NASA officials have refrained from offering any cost estimates for MSR in recent months. Other than the $5.3 billion cap in the decadal survey, the only other recent estimate came from an independent review in 2020 that estimated the cost at between $3.8 billion and $4.4 billion, which itself was a significant increase.

A report last month, though, claimed that one updated cost estimate developed at JPL for MSR came in at between $8 billion and $9 billion, an increase that took nearly everyone in the Mars science community by surprise. MSR would end up costing as much as JWST if that figure held up.

NASA confirmed, with caveats, that estimate in a June 26 statement. “NASA evaluates a wide range of funding scenarios every year for its portfolio of missions as part of its annual budget process. Missions in formulation, such as Mars Sample Return, have more variables to consider, providing for a greater range of scenarios to evaluate—all scenarios are highly speculative,” the agency stated. “One included a lifecycle cost range of $8–9 billion, which included launch, operation, and closeout cost estimates.”

“I get it that everybody is anxious about this. We’re all anxious about it,” said Glaze of MSR funding issues.

Even with that “highly speculative” disclaimer, the statement only added to the angst that had been building about MSR. Several days earlier, NASA’s Planetary Science Advisory Committee (PAC) debated the program and concerns that its cost growth could eat into budgets of other planetary programs.

“I get it that everybody is anxious about this. We’re all anxious about it,” said Lori Glaze, director of NASA’s planetary science division, of MSR at the PAC meeting.

In the meantime, NASA is performing a second independent review of MSR, a rare measure for a program at this early phase of development. That review is chaired by Orlando Figueroa, a former director of NASA’s Mars exploration program, and will conclude in time for its recommendations to feed into the confirmation review this fall.

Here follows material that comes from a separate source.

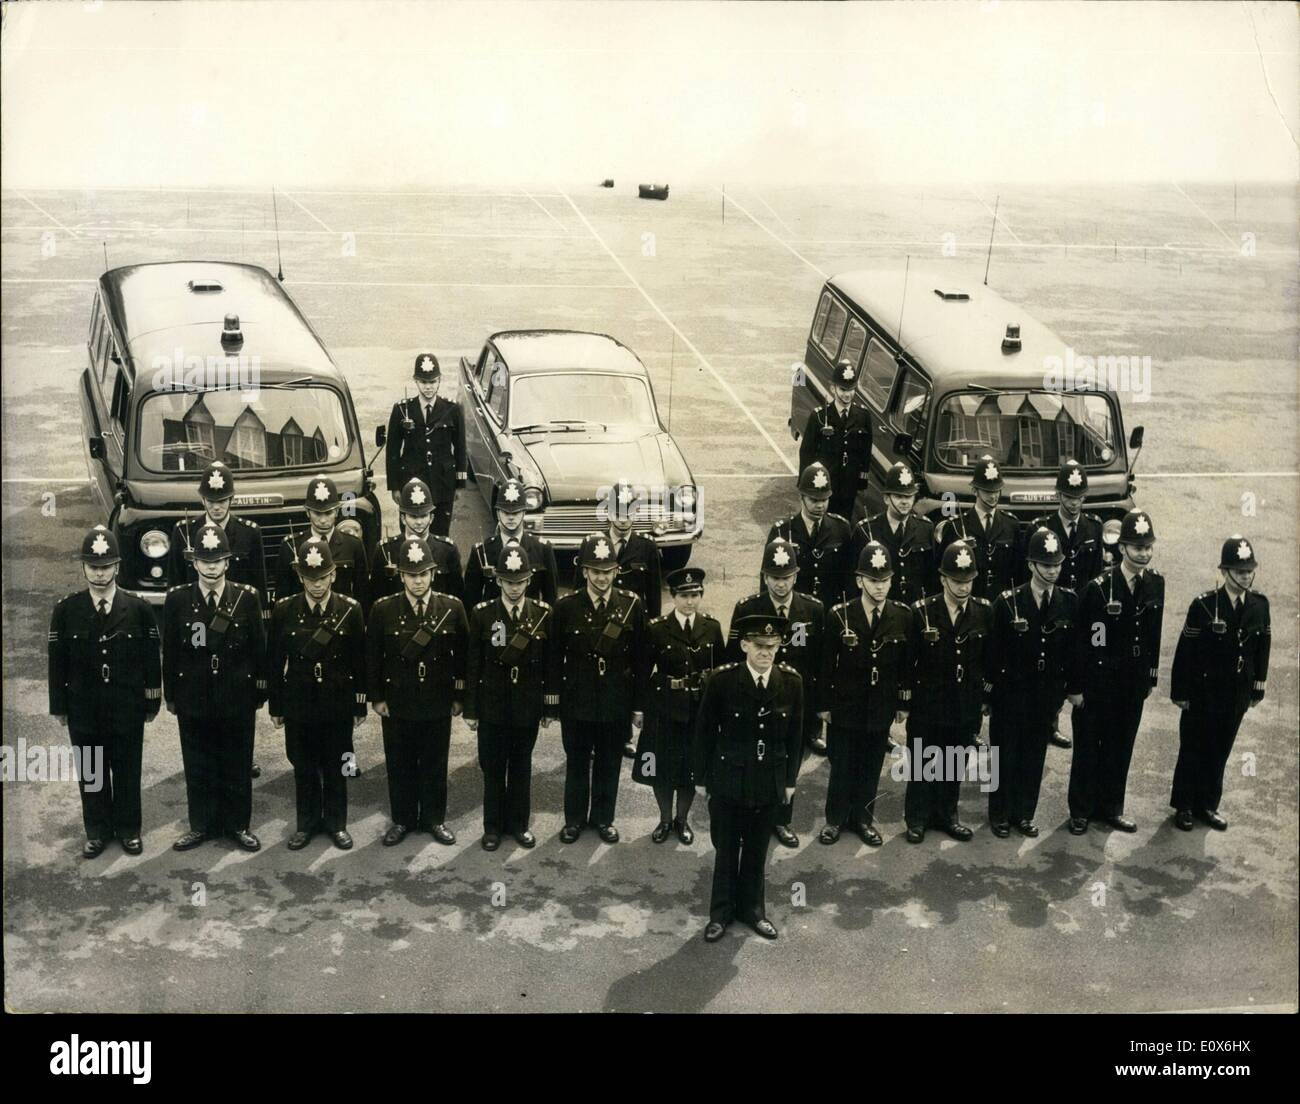 May 05, 1965 - Special patrol group to combat crime: A special 100-strong patrol group, began operations in North West London today. The aim is to beat outbreaks of crime, especially housebreaking, by saturating trouble spots with uniformed policemen. Mr. J.L. Waldron, Assistant Commissioner '''A'' Department, is responsible for the overall control of the group, which consists of five inspectors, 12 sergeants, 80 constables and two women constables, under the officer-in-charge, Supt. John Gerrard Stock Photo

We’re taking this very seriously and we’re trying to make sure we have solid plans before we go to confirmation,” Gramling said of that second independent review at the National Academies meeting. “We’re taking a very deliberate approach to confirmation. We’re trying to go back and make sure that we’ve put scrutiny on all of our technical plans and we’ve gotten scrutiny on the associated cost and schedule.”

There is no guarantee that the Senate language about MSR and funding levels will make it into a final appropriations bill (if there is a final bill; with a divided Congress there are concerns about a year-long continuing resolution or even a government shutdown.) The House CJS appropriations subcommittee marked up their spending bill on Friday, but released few details about it, including any provisions about MSR. Overall NASA science funding in the House bill is about the same as the Senate bill, but with no information about how that is allocated among the agency’s programs.

It's possible, then, that the threat of cancelling MSR in the Senate bill will be seen as a warning shot to NASA to get the program in order and make tough decisions about how and when to conduct it. If successful, then, that action might indeed become a lifeline of sorts to MSR, in much the same way as the threat of cancelling JWST more than a decade ago refocused that program towards its ultimate success. The senators that won the “Champions for Astronomy” awards last week might be in line for another award in a decade or so if MSR follows that trajectory.